Example :  “Mummy is going to put your clothes in the wash, will be back in 5 mins.”

Then proceed to walk out of the room calmly, even if he starts to cry.

2) Mean it when I say it
I try to make sure I have all that I need from the room he is in before leaving. Just so I do not have to leave the room twice. Simply because I realised that me leaving the room a second time agitates him a lot more.

3) Distraction
It could be his favourite toy or some Gerber puffs. For Isaac, watching the news anchor lady usually works. 😡

4) Assurance
When he is inconsolable and screaming at the top of his lungs, I will tell him (from wherever I am) that I am nearby and about to be done. Hearing my voice usually buys me a little more time at what I am doing.
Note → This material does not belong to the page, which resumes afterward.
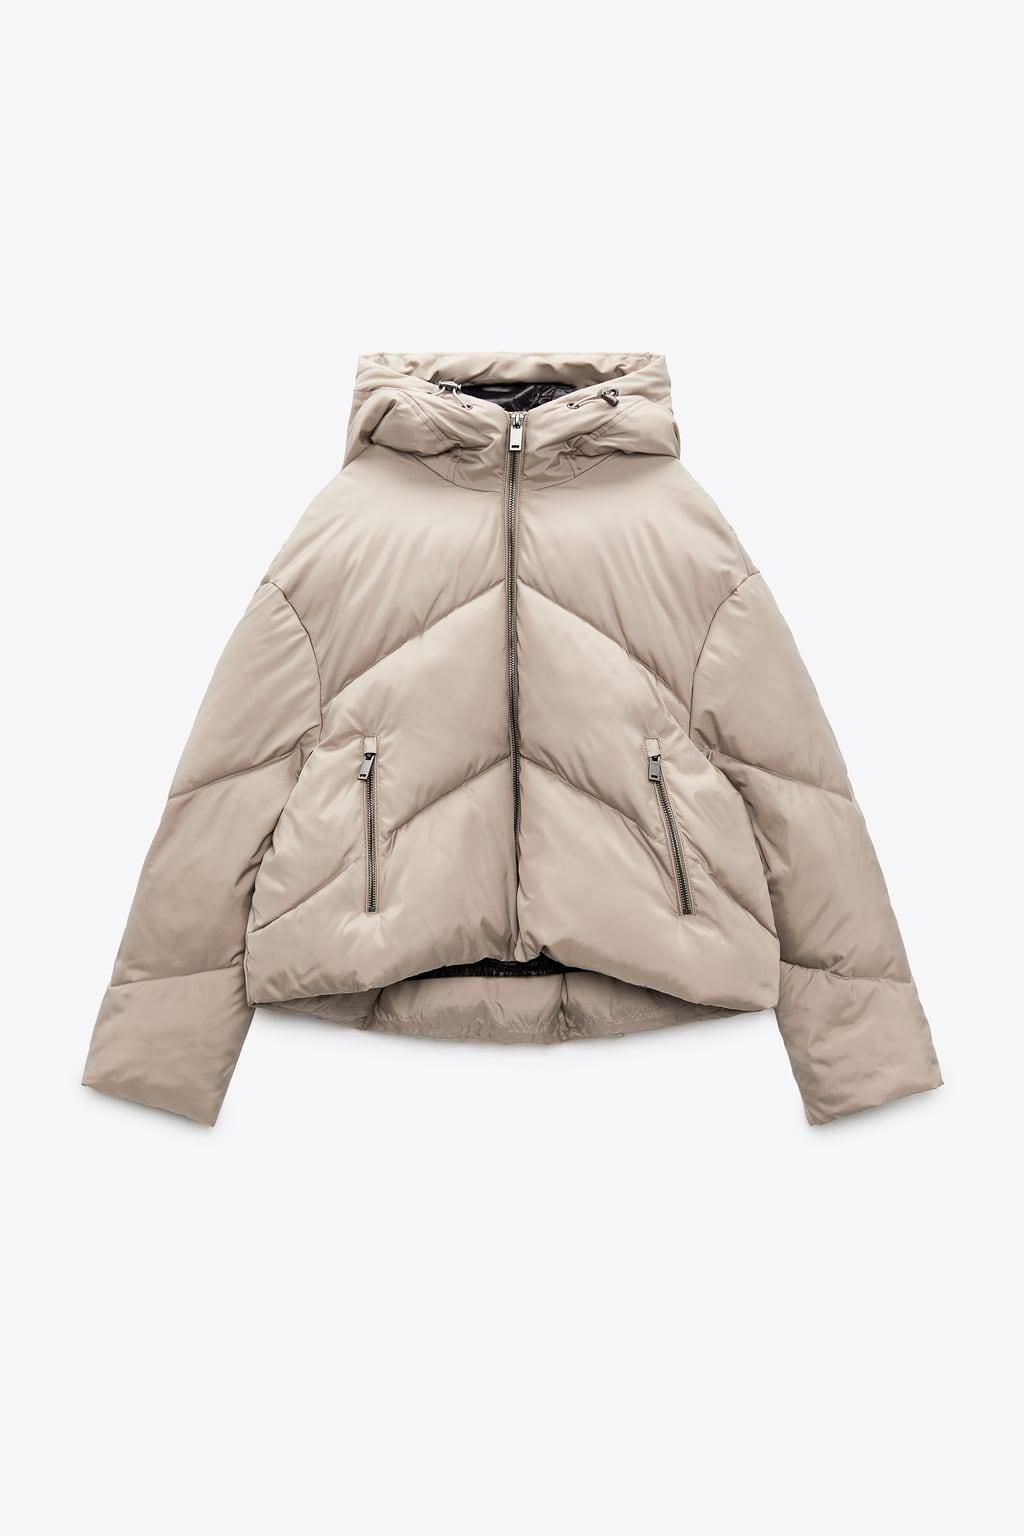 Zara short puffer jacket

5) Consistency (routine and caregiver)
Fortunately for me, I have my PIL (parents-in-law) to look after Isaac when we go to work. Overtime, he has gotten very attached  to them and has also gotten used to the routine of us dropping him off at gramps’ every morning. This makes things a lot easier for us since we do not have to deal with the whole ‘caregiver is not suitable’ kinda drama.

I must admit that having a baby is really life changing. I never knew I actually can have so much patience for someone until Isaac came along. I know that this phase will pass eventually. For now, this is me, 10 months into parenthood. I will just hang on tight and enjoy the ride!

Author: Pris

Hello there, my name is Priscilla. I am the co-creator of a baby boy, Isaac who brings nothing but joy to my life. Married to the love of my life who spoils me rotten and shows me how to be a better person each day. 3 years into parenthood and i am still trying to find a balance in being a mother and wife. Having too little photos of my childhood, I try to take as many photos of Isaac with our loved ones whenever possible. It certainly makes me look like an overly-obsessed mum but i assure you i am not. I am just obsessed. I look forward to sharing my adventures and experiences as a mum on this space.

17 thoughts on “I have a koala in the house!”

  1. Welcome welcome Pris. I have two of my own and I must say at 20 months old, my daughter do not always let me go out of sight.

    I think there’s two schools of thoughts. I’ve done this (what you’ve just described above) for my number one because I want a life! I want to be able to do my business without someone watching me. Hahahaha

    But really, I decided that they can koala me on anytime and anyhow they like when my number two came along. My motto: Love and Comfort above all.

    All they want is security and I am their security figure. I want to minimize crying and sadness in my child. I want them happy and if sticking to me keeps them a absolutely happy then that’s what I’ll do. Being mom is priority for me now. Since I’m a sahm, I can afford to do that without answering to any other bosses. Spending them with them is a privilege I now own and I should leave my chores behind, giving them all of me and enjoying everything about them.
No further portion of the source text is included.